5. Transfer of Mutual Funds Between Different Brokers or AMCs
Investors may want to transfer mutual funds between different brokers or from one AMC to another. Although mutual funds cannot be transferred directly from one AMC to another, units can be transferred between brokers if held in demat form.
If the mutual funds are held with an AMC directly and you wish to shift them to another AMC or broker, you can redeem the units from the first AMC and reinvest the redeemed amount into the mutual funds of the second AMC or through another broker. This, however, involves capital gains taxes and exit loads, which must be carefully considered.
6. Transfer of Mutual Funds in Case of Gift or Donation
In India, transferring mutual funds as a gift or donation is possible but with limitations. Generally, you can transfer mutual funds to family members like spouses or children, provided they are held in demat form.
Steps to Transfer as a Gift:
- Fill the DIS Form: Specify the units to be transferred and the recipient’s demat account details.
- Submit to DP: The DP will execute the transfer upon verification.
Please note that such a transfer may have tax implications depending on the nature of the relationship between the donor and the recipient.
7. Transfer in Case of a Will or Succession
When mutual funds are part of an estate being distributed through a will or succession, the process of transferring ownership to the rightful heirs can be complex.

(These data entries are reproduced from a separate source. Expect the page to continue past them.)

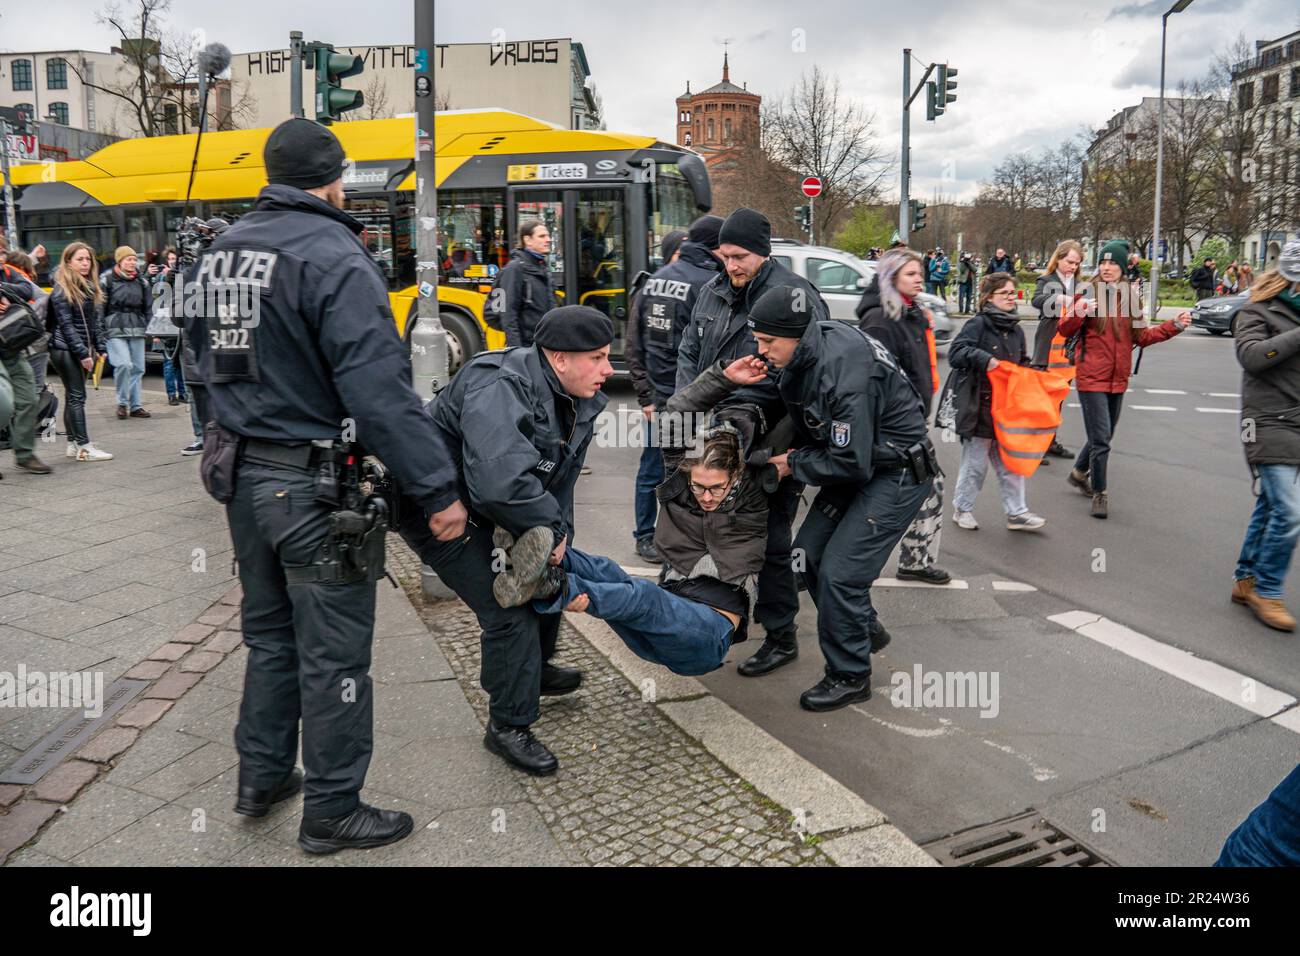 Letzte Generation blockiert Schillingbrücke in Berlin, Polizeieinsatz Stock Photo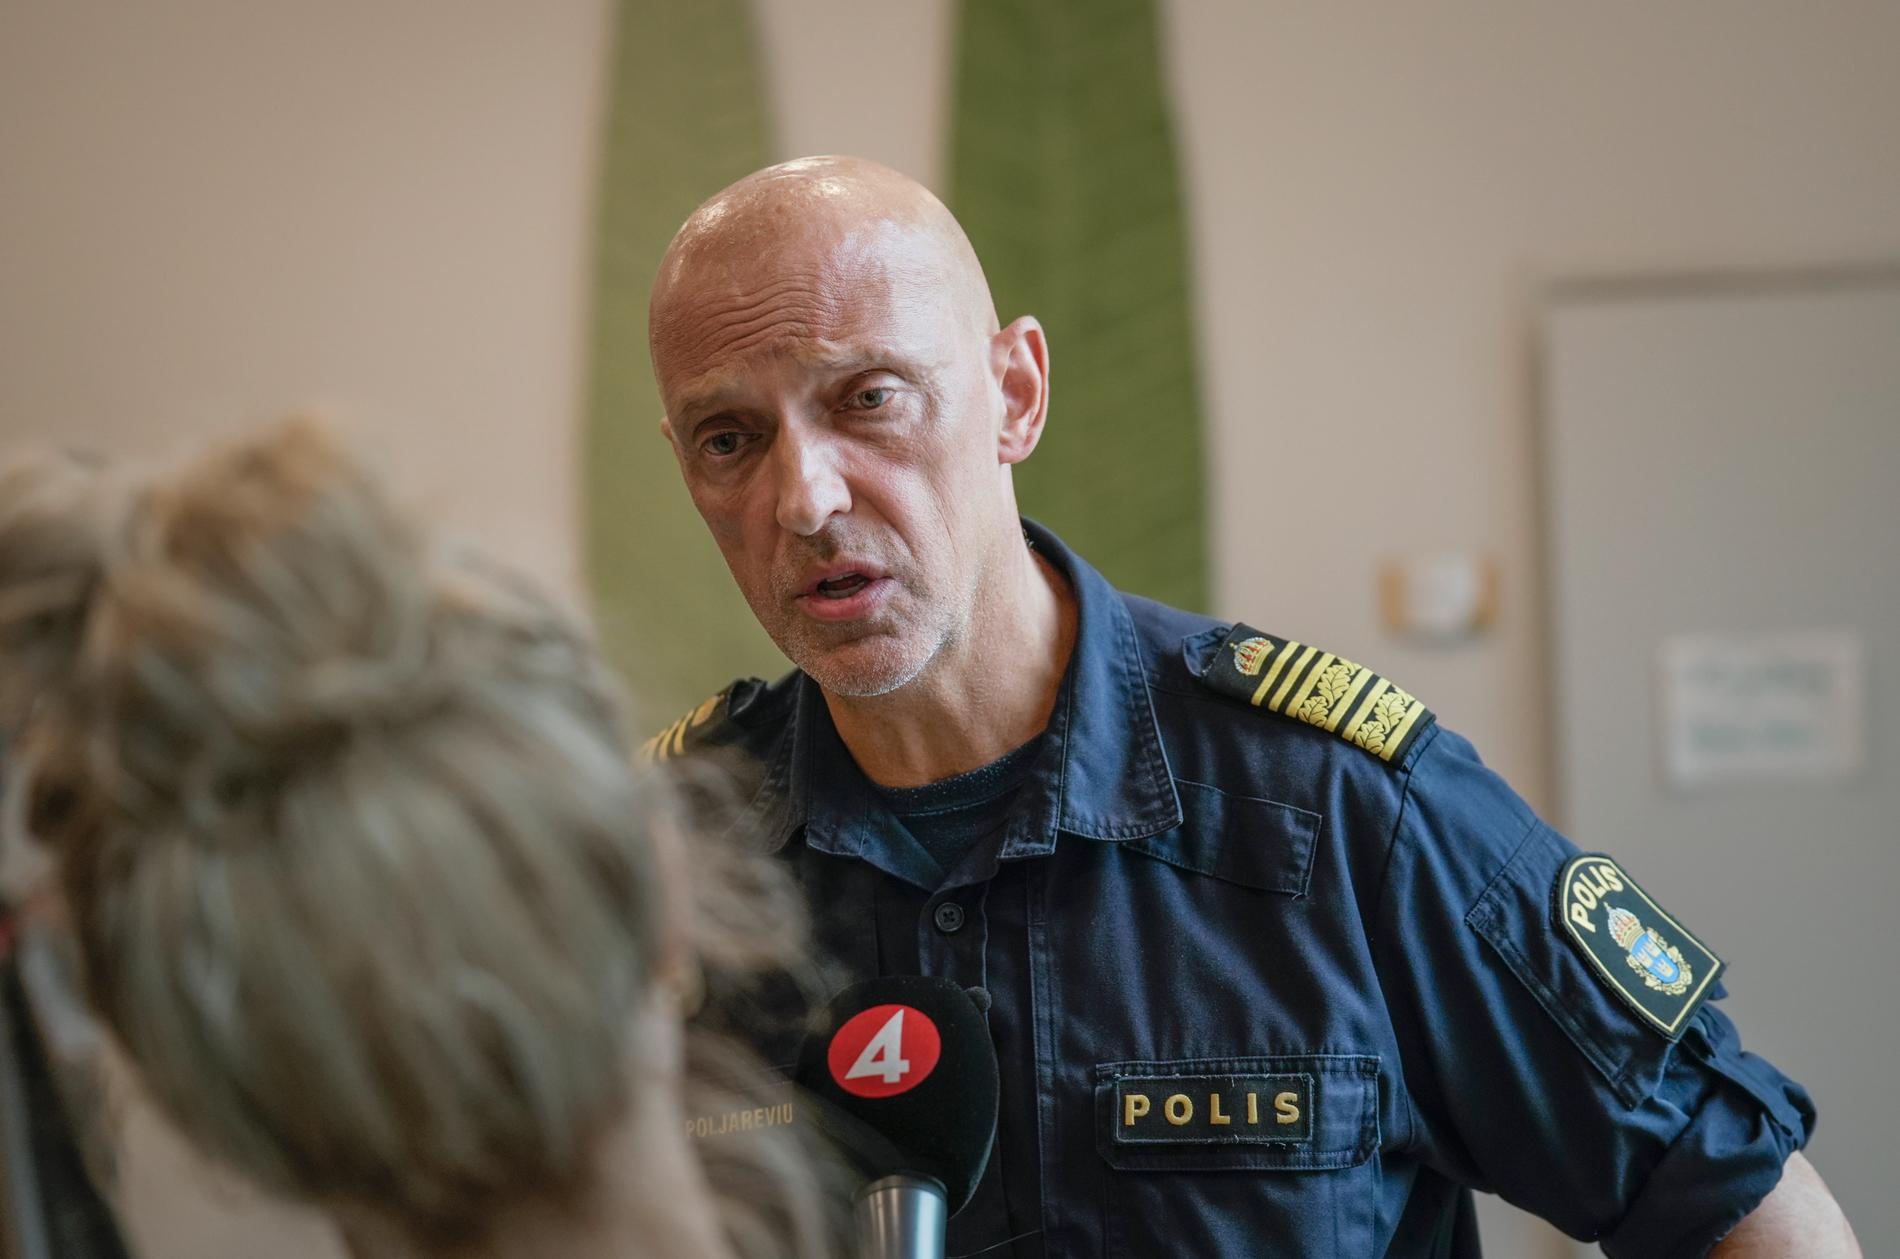 要求严格且非常严重：乌普萨拉警察局长 Jale Poljarevius 是这样描述乌普萨拉和斯德哥尔摩地区目前青少年犯罪状况的。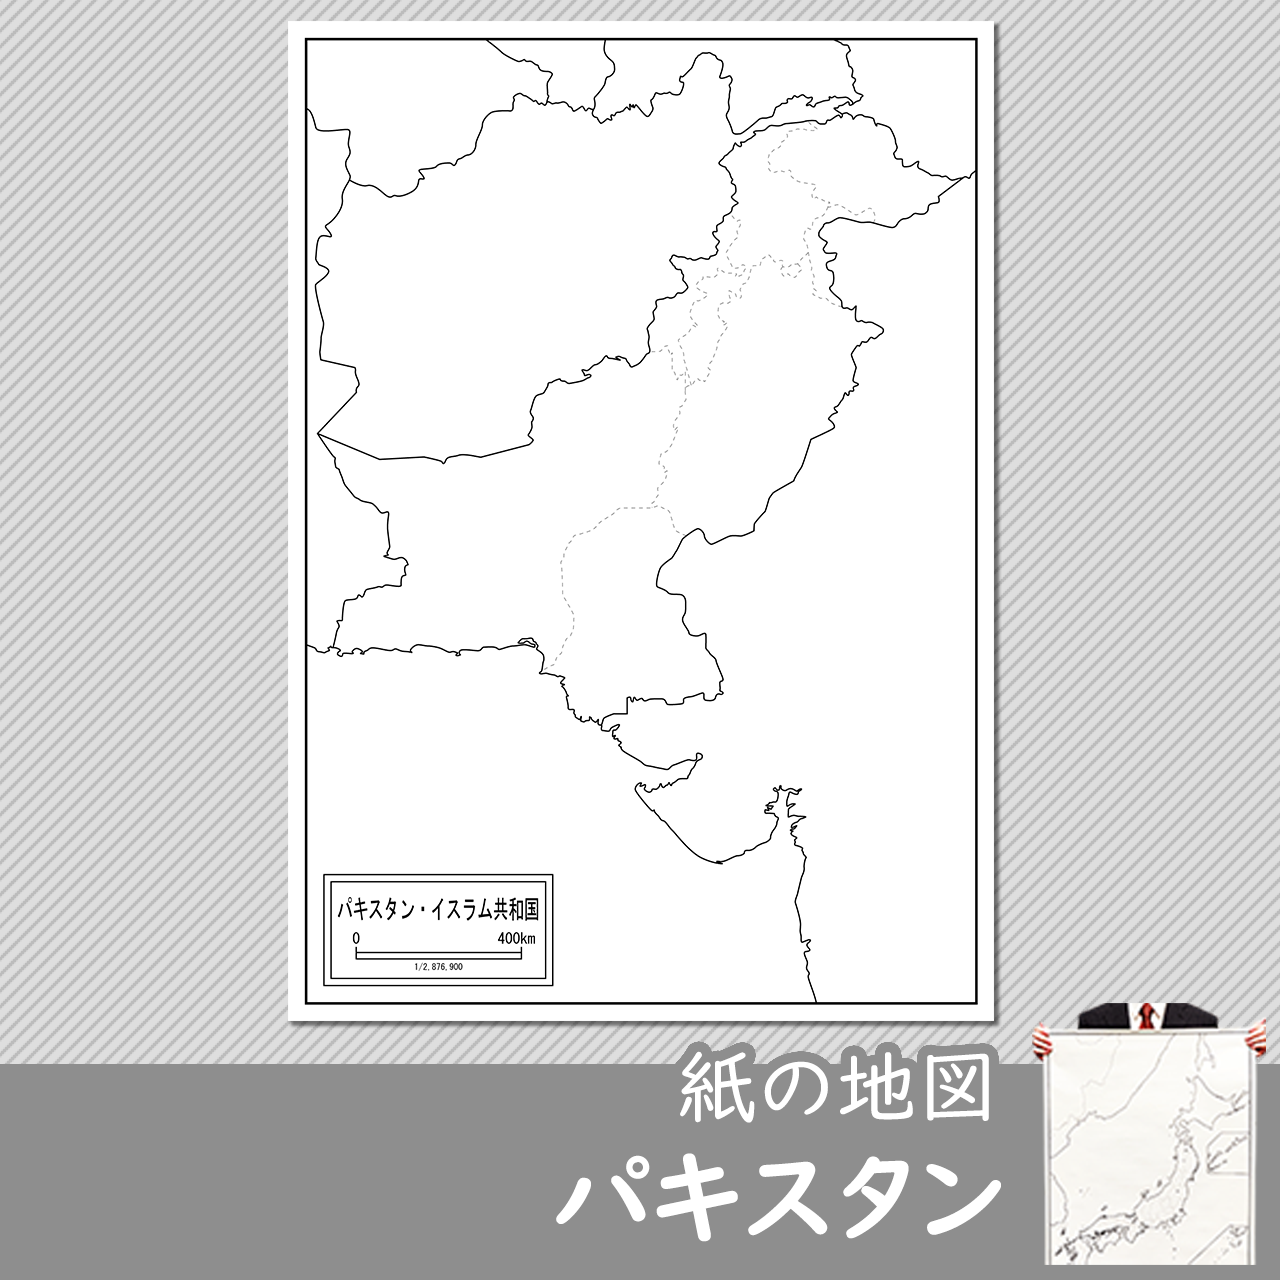 パキスタンの紙の白地図のサムネイル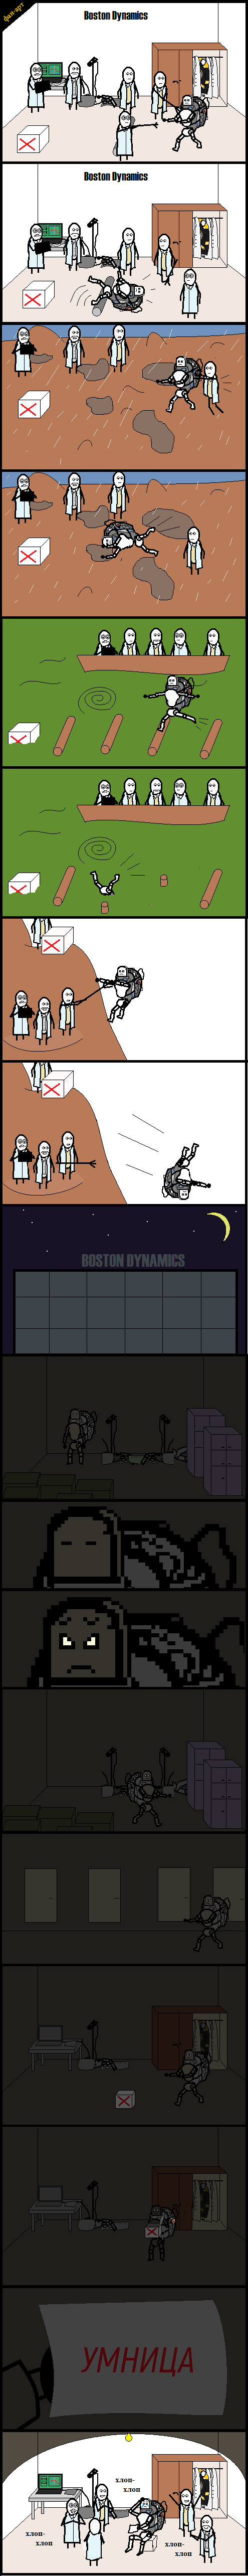  , CynicMansion, Boston Dynamics, 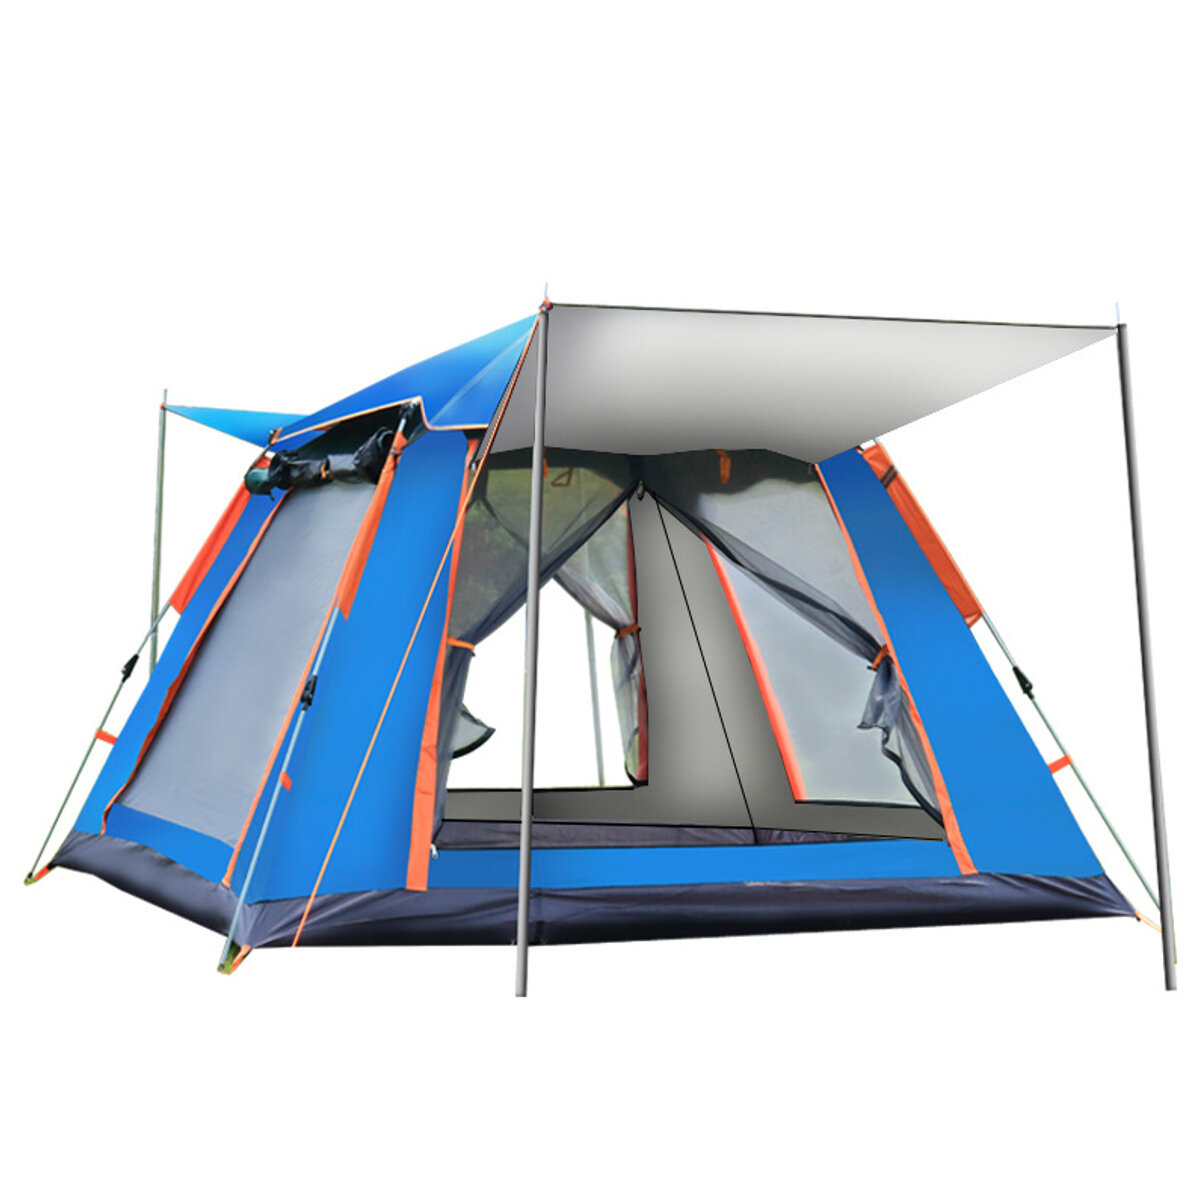 Tente de montage entièrement automatique pour 4-5 personnes UV Tente de camping en plein air pour pique-nique en famille protégée contre la pluie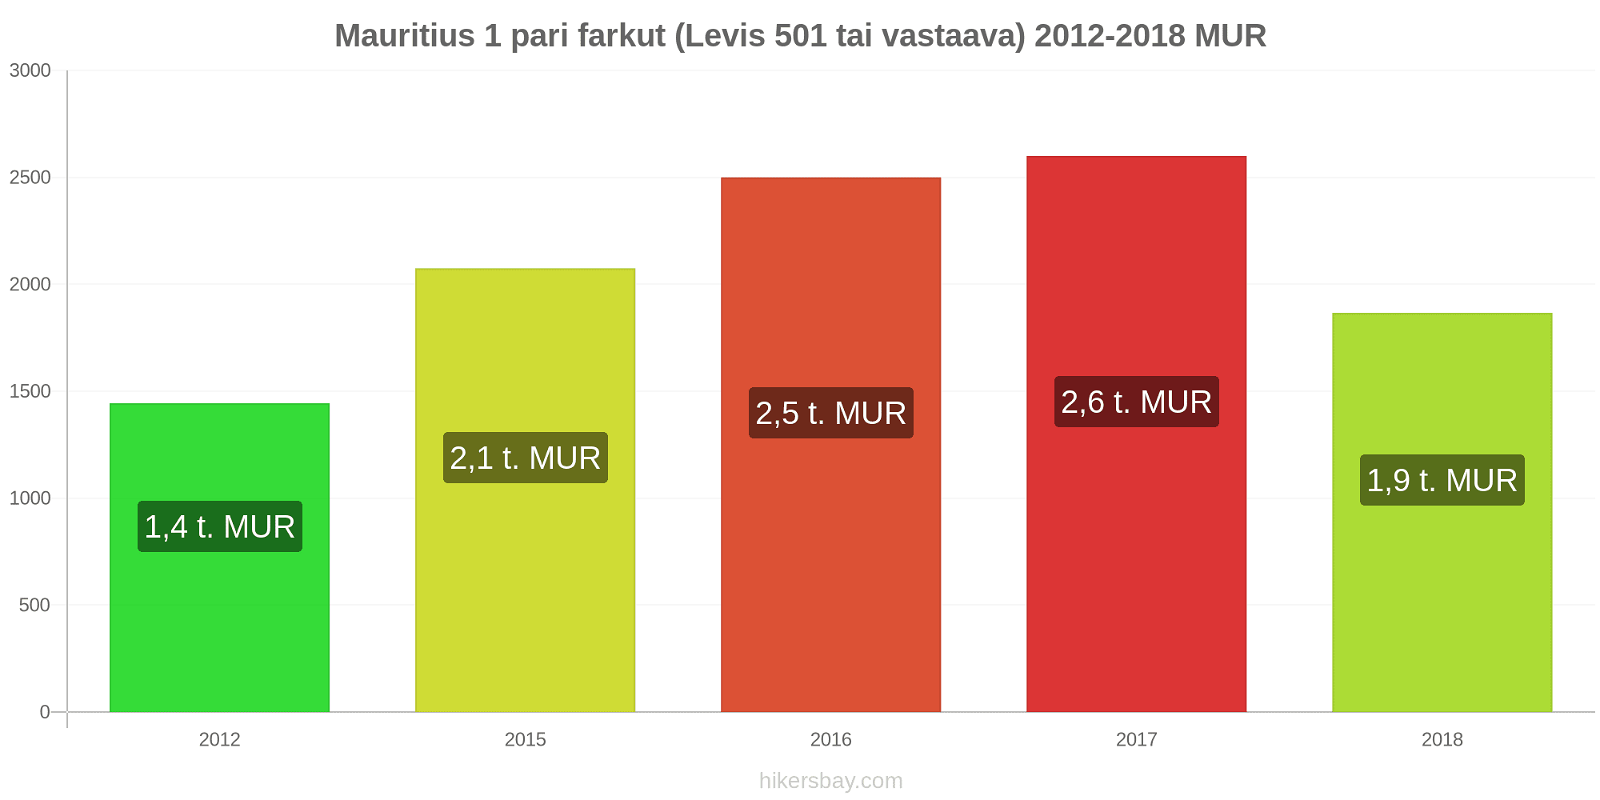 Mauritius hintojen muutokset 1 pari farkut (Levis 501 tai vastaava) hikersbay.com

It involves probate proceedings or legal certifications like a succession certificate.
Required Documents:
- A certified copy of the will or succession certificate.
- A request form for transmission of mutual funds.
- The claimant’s KYC and bank details.
The AMC will process the transfer once all documents are verified.
Tax Implications of Transferring Mutual Funds
It’s important to understand that transferring mutual funds could trigger tax liabilities in certain cases. Here are some scenarios:
- Transfer due to inheritance or nominee claims: This is not considered a “sale” or “transfer” from a tax perspective, so no capital gains tax applies.
- Transfer between demat accounts: If the ownership remains the same, no tax is applicable.
- Redemption and reinvestment: If you redeem units before transferring, capital gains tax may apply based on the tenure of the investment (short-term or long-term gains).
Final Considerations Before Transfer
Before initiating any transfer, it’s important to keep the following in mind:
- Ensure all KYC details are updated for the recipient.
- Verify if the transfer will result in any exit loads or capital gains taxes.
- Ensure the recipient’s demat or bank account is ready to accept the transferred units.